Task description: Start with the line that holds "header image of". Please copy it and each remaining line below exactly, leaving pictures out.

Data block:
◆ ◆ ◆ ◆ ◆
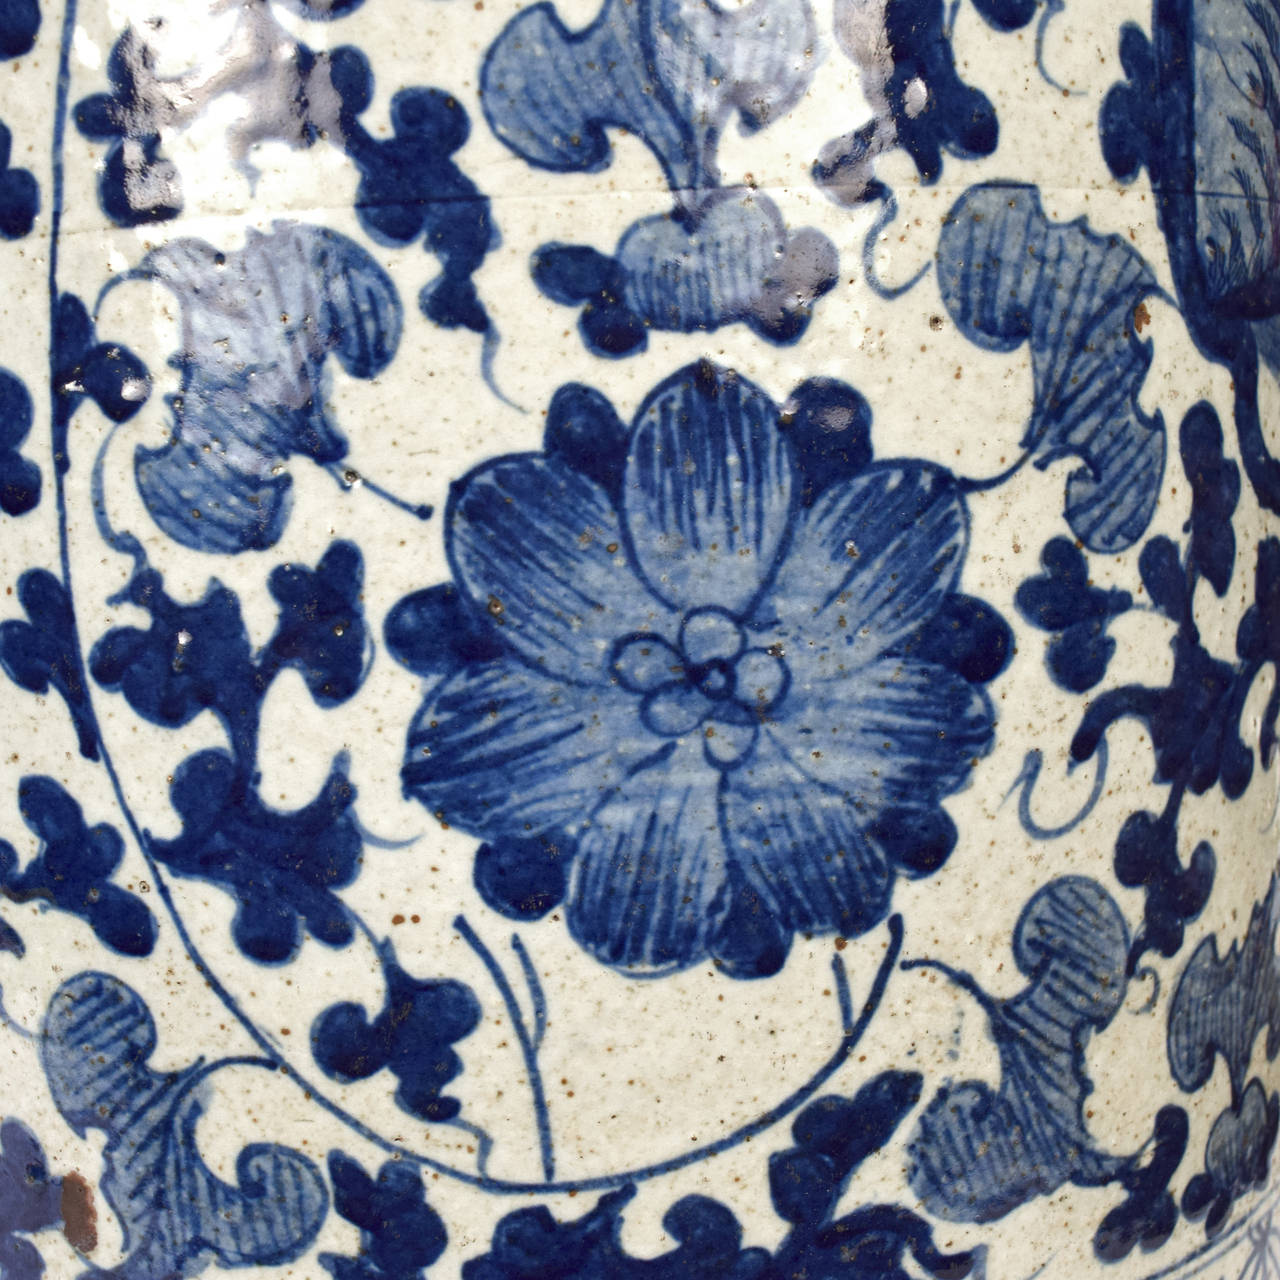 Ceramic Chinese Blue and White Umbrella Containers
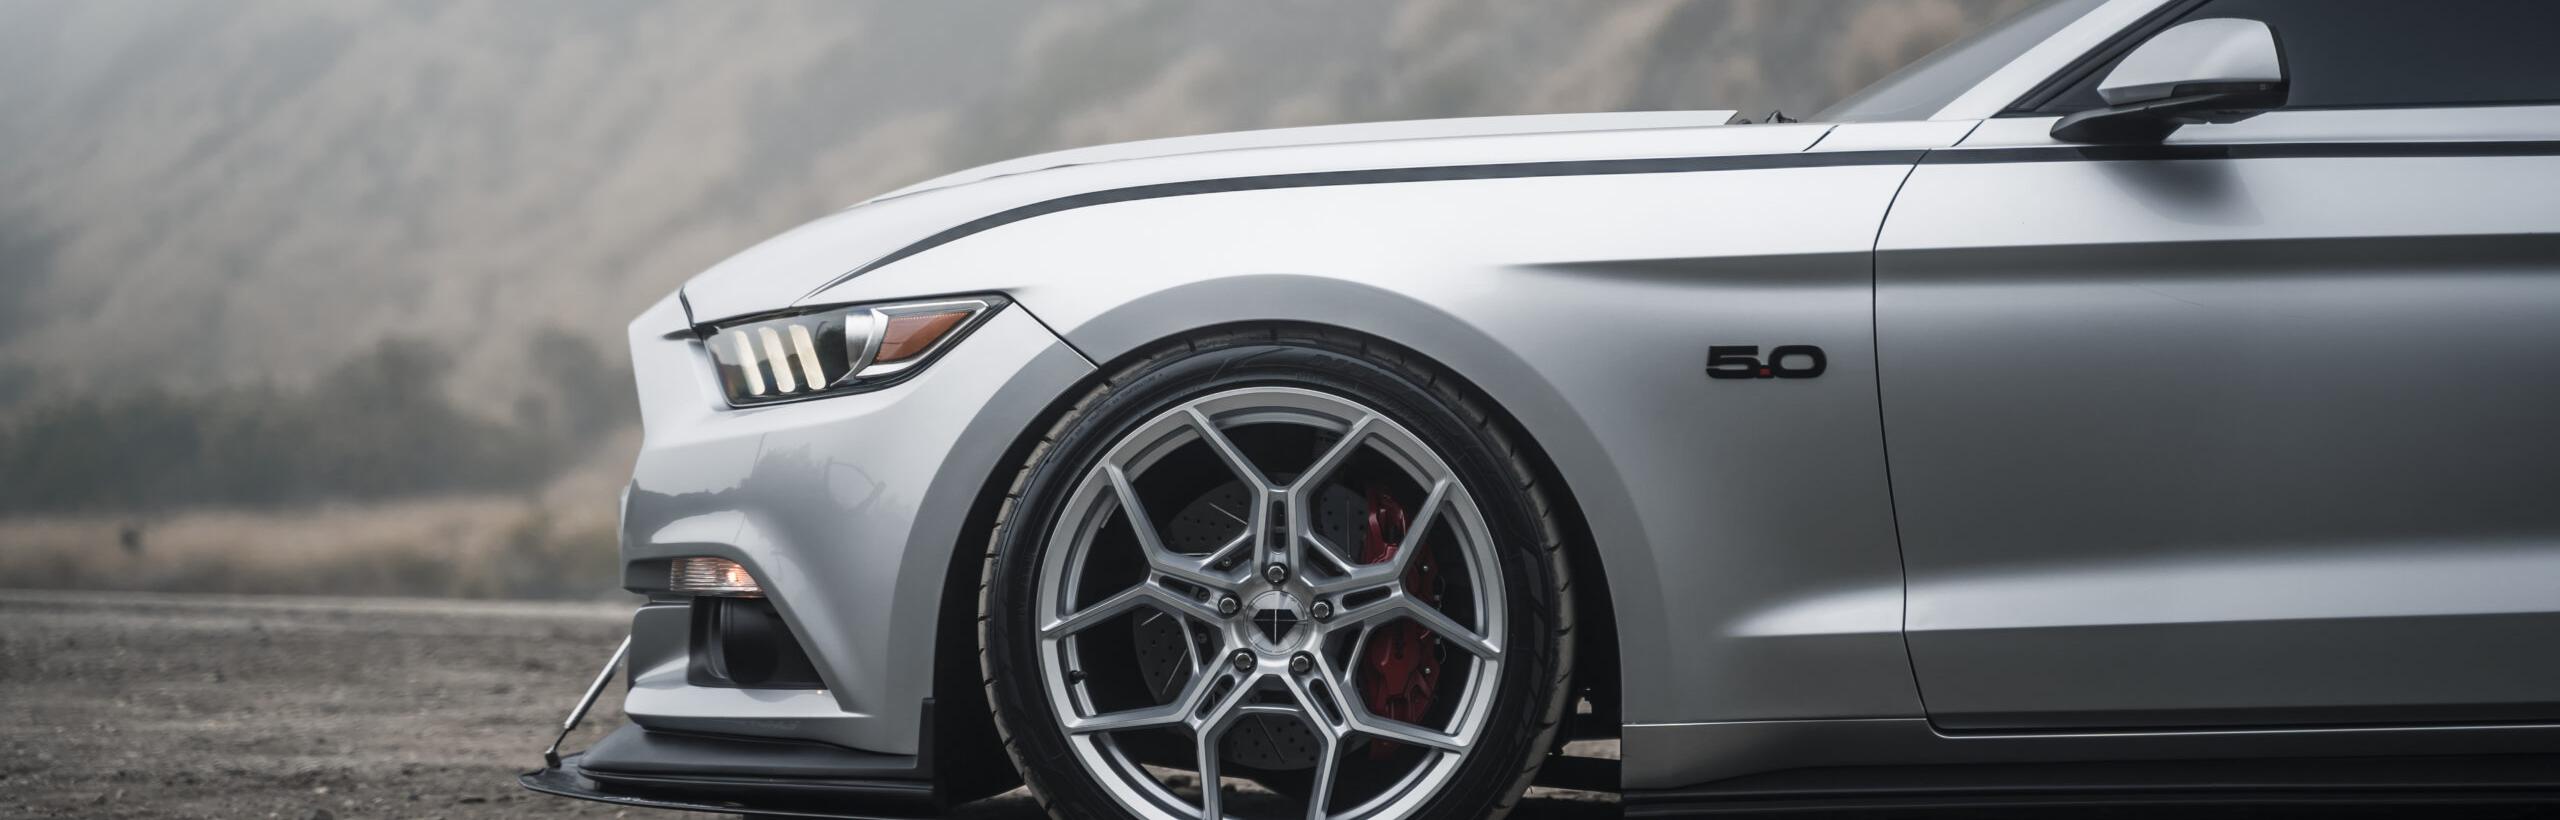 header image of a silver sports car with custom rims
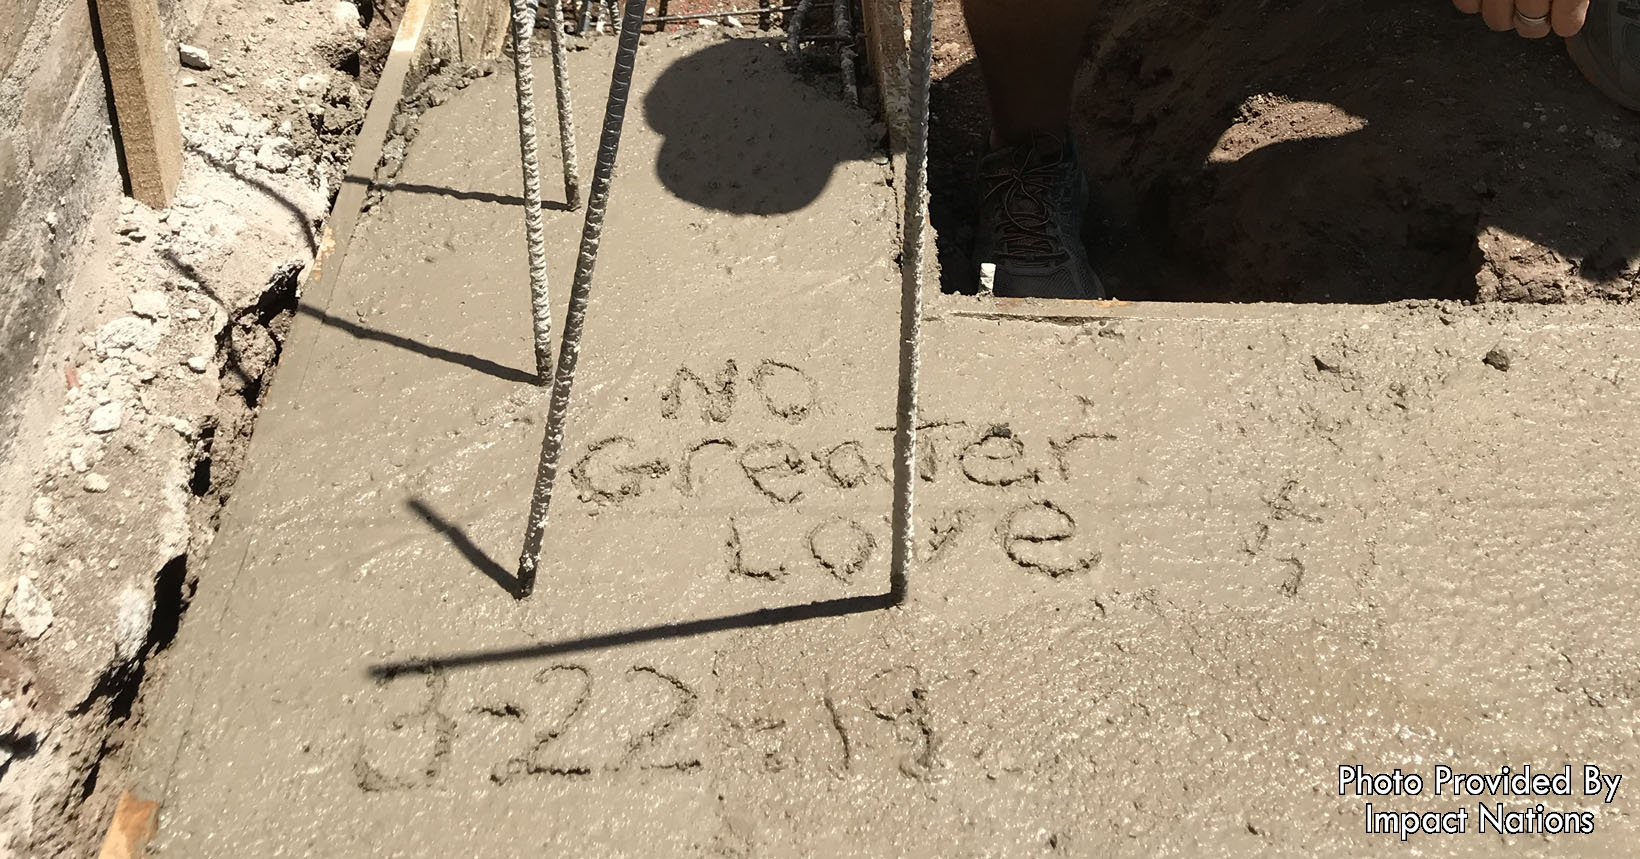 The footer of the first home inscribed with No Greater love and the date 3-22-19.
◆ ◆ ◆ ◆ ◆
Exercise response:
 header image of a silver sports car with custom rims
 The footer of the first home inscribed with No Greater love and the date 3-22-19.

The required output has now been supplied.